***** Given data

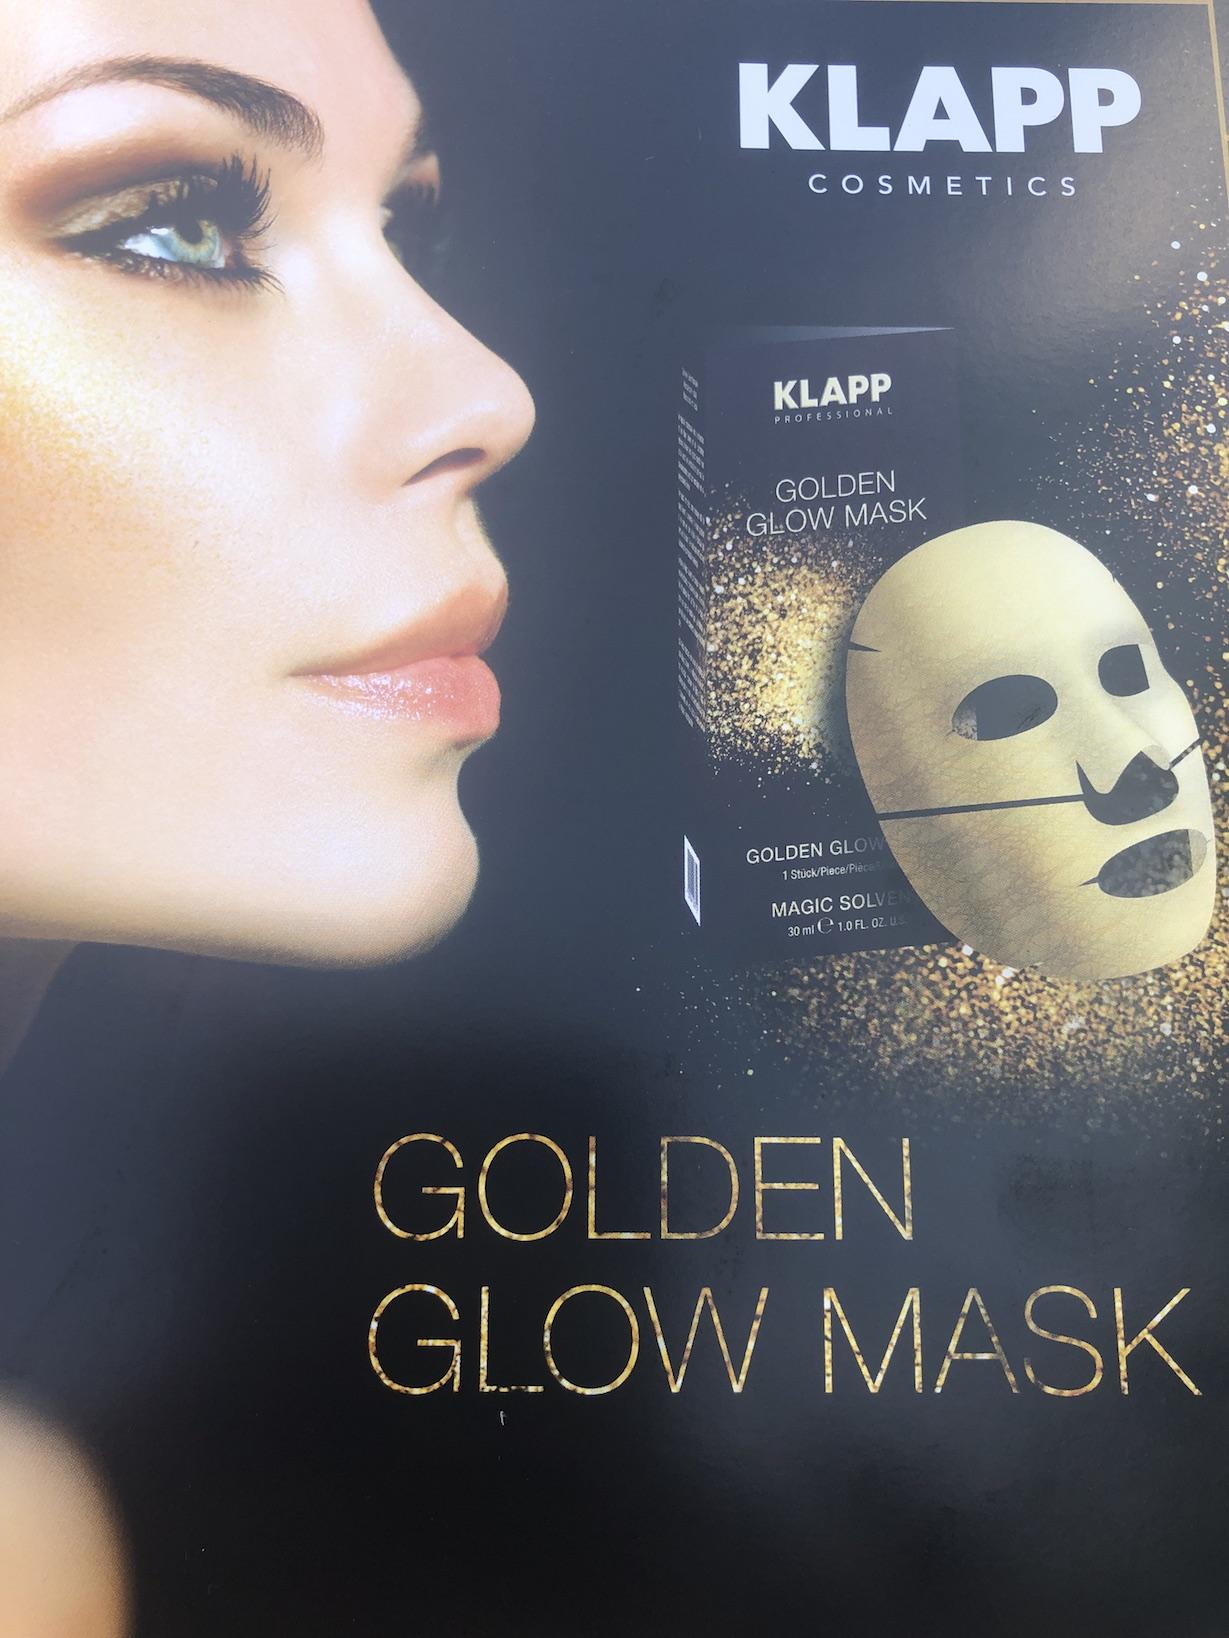 Spiders on your face? Klapp Cosmetics revolutionizes again
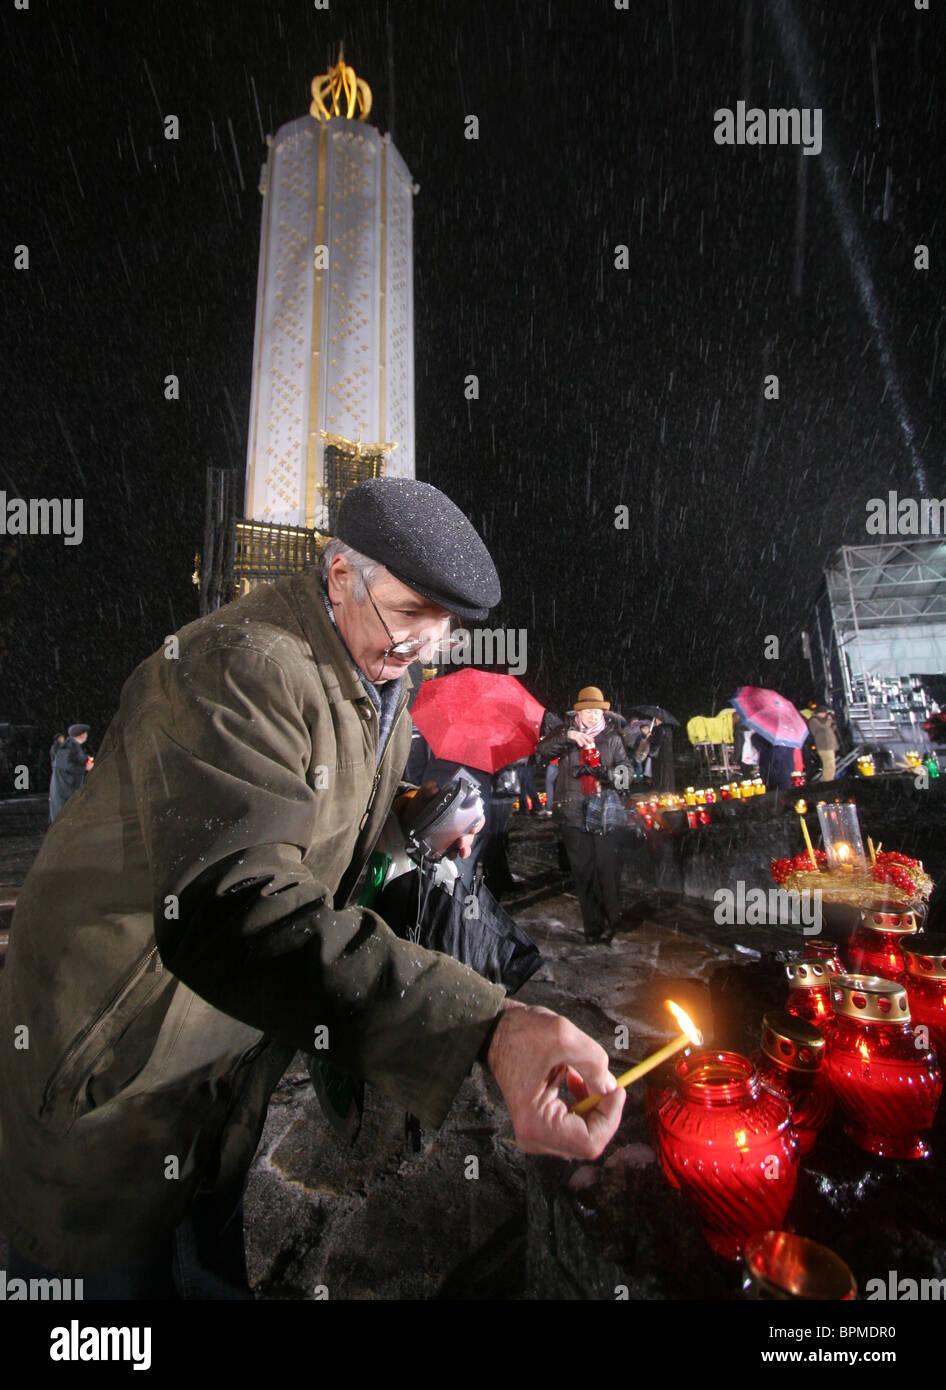 Ceremonies to commemorate 75th anniversary of Holodomor, 1932-33 famine-genocide in Ukraine - Stock Image
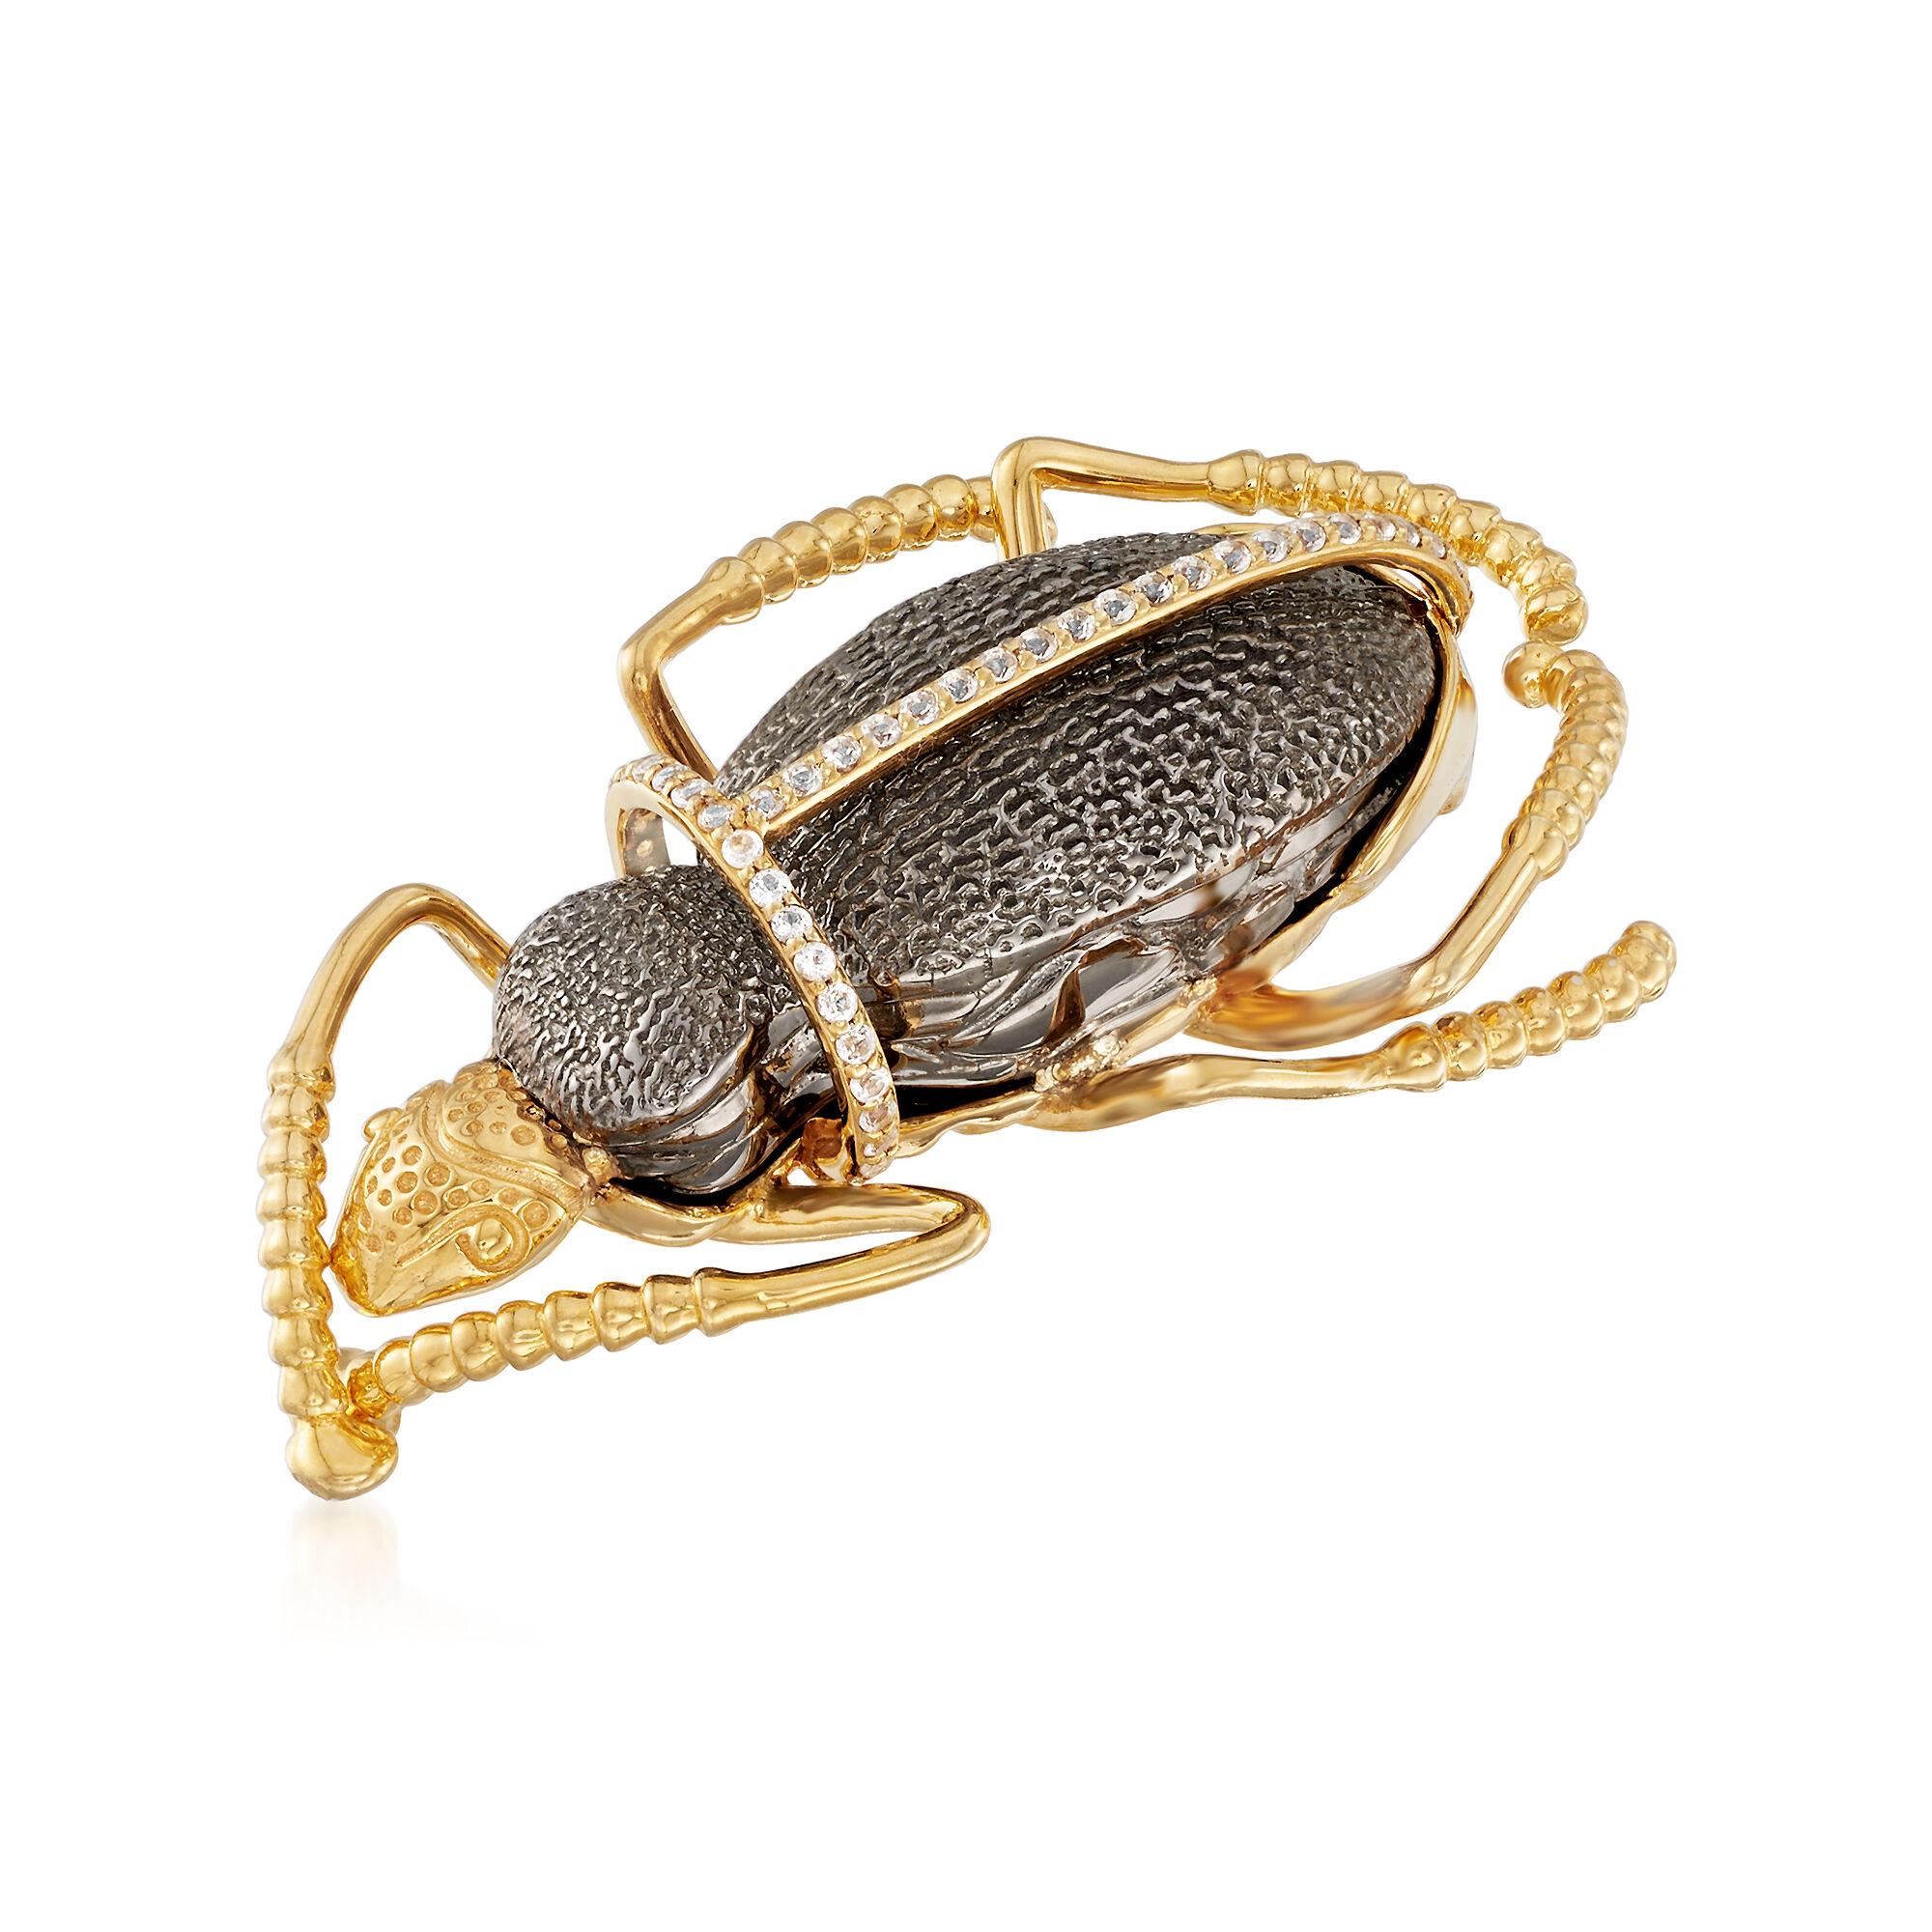 t.w Ross-Simons 0.40 ct White Topaz Bug Pin in 18kt Gold Over Sterling

**********

Your task
Write out the whole listing again, exactly, with no pictures.

Response box
 Spiders on your face? Klapp Cosmetics revolutionizes again
 Ceremonies to commemorate 75th anniversary of Holodomor, 1932-33 famine-genocide in Ukraine - Stock Image
 t.w Ross-Simons 0.40 ct White Topaz Bug Pin in 18kt Gold Over Sterling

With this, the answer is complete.